Раскрашенный, но мертвый истукан!

Ты не мужчина, раз от поцелуя

     Бежишь, – в тебе мужского только вид:

     Мужчина от объятий не бежит!»

Излила гнев – и будто онемела,

Грудь стеснена, окостенел язык;

Она других любовь судить умела,

Но в тяжбе собственной зашла в тупик:

     И плачет от бессилия, и стонет,

     И речь невнятная в рыданьях тонет.

То льнет к нему умильно, как дитя,

То сердится, то за руку хватает,

И, пальцы с пальцами переплетя,

Удерживает и не отпускает;

     То взор отводит, то глядит в глаза –

     И шепчет, обвивая как лоза:

«Любимый мой! в урочище весеннем,

За крепкою оградой этих рук

Броди где хочешь, будь моим оленем,

Я буду лесом, шепчущим вокруг;

     Питайся губ моих прохладной мятой,

     Пресытишься – есть ниже край богатый:

Там родинки на всхолмиях крутых

И влажные ложбины между всхолмий,

Там ты в чащобах темных и глухих

Укроешься от всех штормов и молний;

     Нигде не встретишь хищного следа,

     Пусть лают псы – им входа нет сюда!»
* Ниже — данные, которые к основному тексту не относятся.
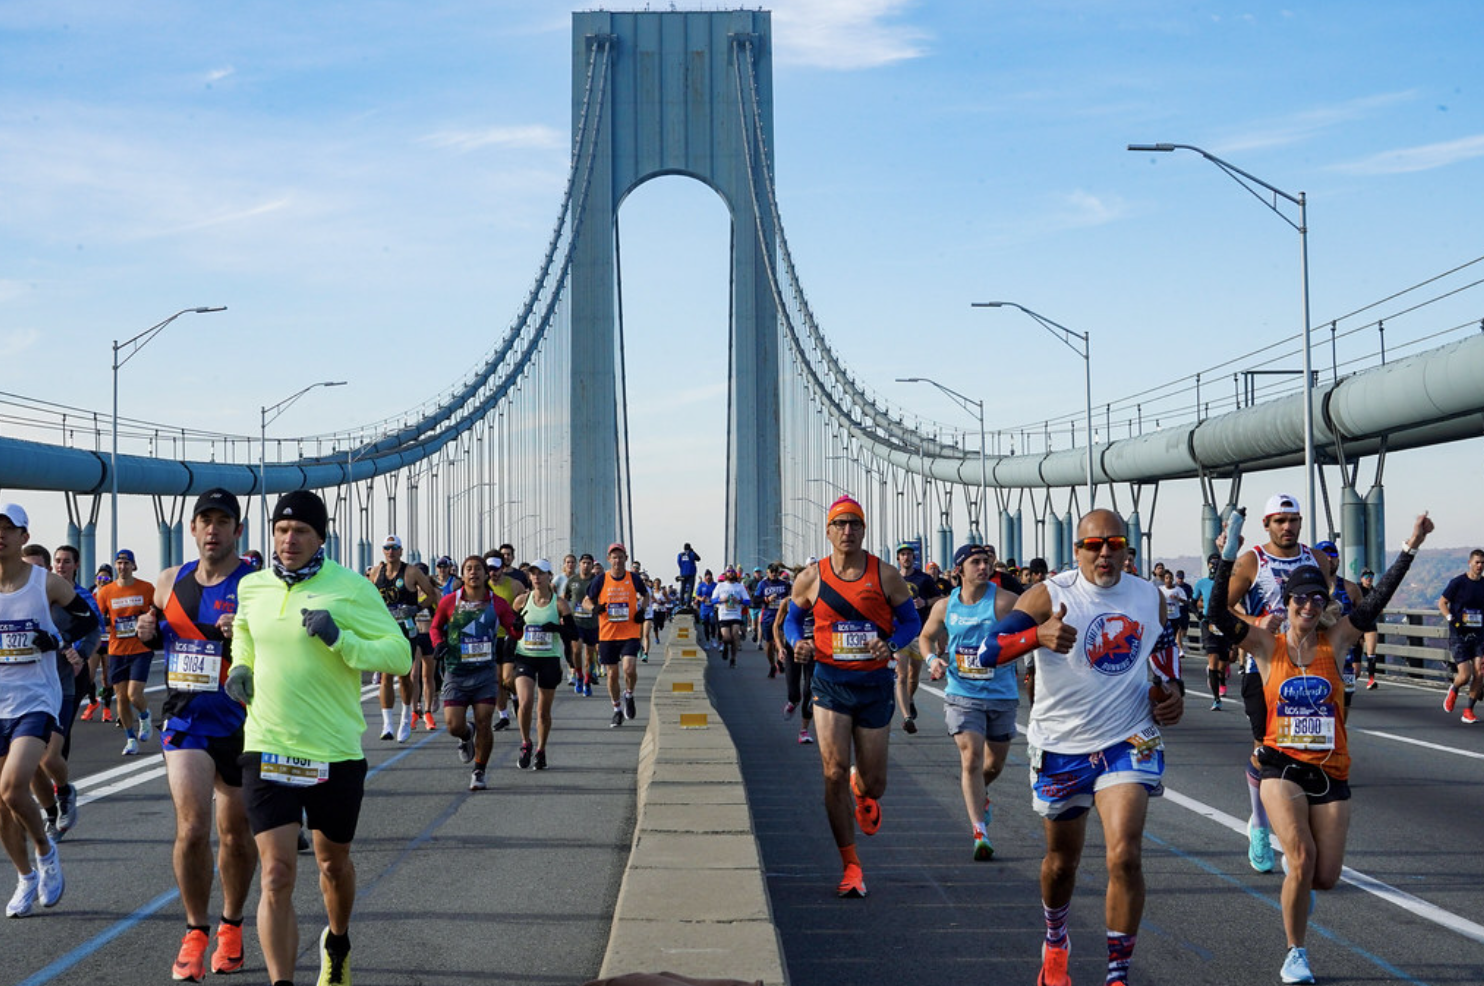  To start the race, runners cross the Verrazano bridge, leading them through all parts of the city, ending in Manhattans Central Park. This 26.2 mile race is also a charity race in which proceeds go towards cancer research at Memorial Sloan Kettering Center.

Адонис рассмеялся – и тотчас

Две ямки на ланитах проступили:

Их вырыл Купидон, чтоб в смертный час

В сей нежной упокоиться могиле;

     Хитрец предвидел: не погибнет он,

     Но будет вновь любовью воскрешен.

Две этих ямки пропастью бездонной

Разверзлись пред Венерой. Мрак и тьма!

Как ей хватило духу, оскорбленной,

Снести удар и не сойти с ума?

     О, как могла она, любви царица,

     В спесивца бессердечного влюбиться?

Но что теперь ей делать, чем помочь?

Слов больше нет, и ожиданья тщетны.

Из плена рук ее он рвется прочь,

Моленья остаются безответны.

     «О, смилуйся, не покидай меня!» –

     Но он уж мчится отвязать коня.

Но что это? Испанская кобылка

Из ближней рощи, празднуя весну,

С призывным ржаньем, всхрапывая пылко,

К Адонисову мчится скакуну;

     И конь могучий, зову не противясь,

     Спешит навстречу, обрывая привязь.

Плечами он поводит, властно ржет –

И прочь летят пеньковые подпруги,

Копытом острым Землю бьет в живот,

Рождая гулкий гром по всей округе;

     Зубами удила сминает он,

     Смиряя то, чем сам бывал смирен.

Над чуткой холкой дыбом встала грива,

Раздуты ноздри, пар из них валит,

И уши прядают нетерпеливо,

А взгляд, что кровью яростной налит

     И жарок, словно угль, огнем палимый,

     О страсти говорит неодолимой.

То плавной он рысцой пройдется вдруг

Пред незнакомкой, изгибая шею,

А то взбрыкнет, запрыгает вокруг:

Вот, дескать, погляди, как я умею!

     Как я силен! Как на дыбы встаю,

     Чтоб только ласку заслужить твою!

И что ему хозяин разозленный!

Что хлыст его и крики: «Эй! Постой!»

Теперь его ни бархатной попоной

Не залучить, ни сбруей золотой!

     За милою следит он жадным взглядом,

     К наезднику поворотившись задом.

Когда у живописца верный глаз,

То может он своим изображеньем

Саму Природу превзойти подчас:

Так этот конь и мастью, и сложеньем,

     И силою, и резвостью своей

     Превосходил обычных лошадей.

Копыта круглые, густые щетки,

Нога прямая с выпуклым плечом,

Крутая холка, шаг широкий, четкий,

И рост, и пышный хвост, – все было в нем,

     Что доброму коню иметь пристало;

     Вот только всадника недоставало!

Хозяйской больше не страшась руки,

То вдруг затеет танец он игривый,

То мчится с ветром наперегонки,

Волнистою размахивая гривой,

     В которой струи воздуха свистят;

     И кажется, что этот конь крылат.

Он зрит свою любовь и к ней стремится,

Призывным ржаньем оглашая дол;

Она же пылких ласк его дичится,

Лукавая, как весь прекрасный пол,

     Отбрыкиваясь от его объятий:

     Ей, дескать, эти нежности некстати!

Тогда, уныньем тягостным объят,

Повеся хвост, что, возвышаясь гордо,

Обвеивал его горячий зад,

Он бьет копытом и мотает мордой…

     Тут, бедного страдальца пожалев,

     Она на милость свой меняет гнев.

Меж тем хозяин в злости и в обиде

Уже спешит коню наперерез.

Не тут-то было! Ловчего завидя,

Кобылка прянула и мчится в лес;

     За нею жеребец летит в запале.

     Вороны вслед метнулись – но отстали.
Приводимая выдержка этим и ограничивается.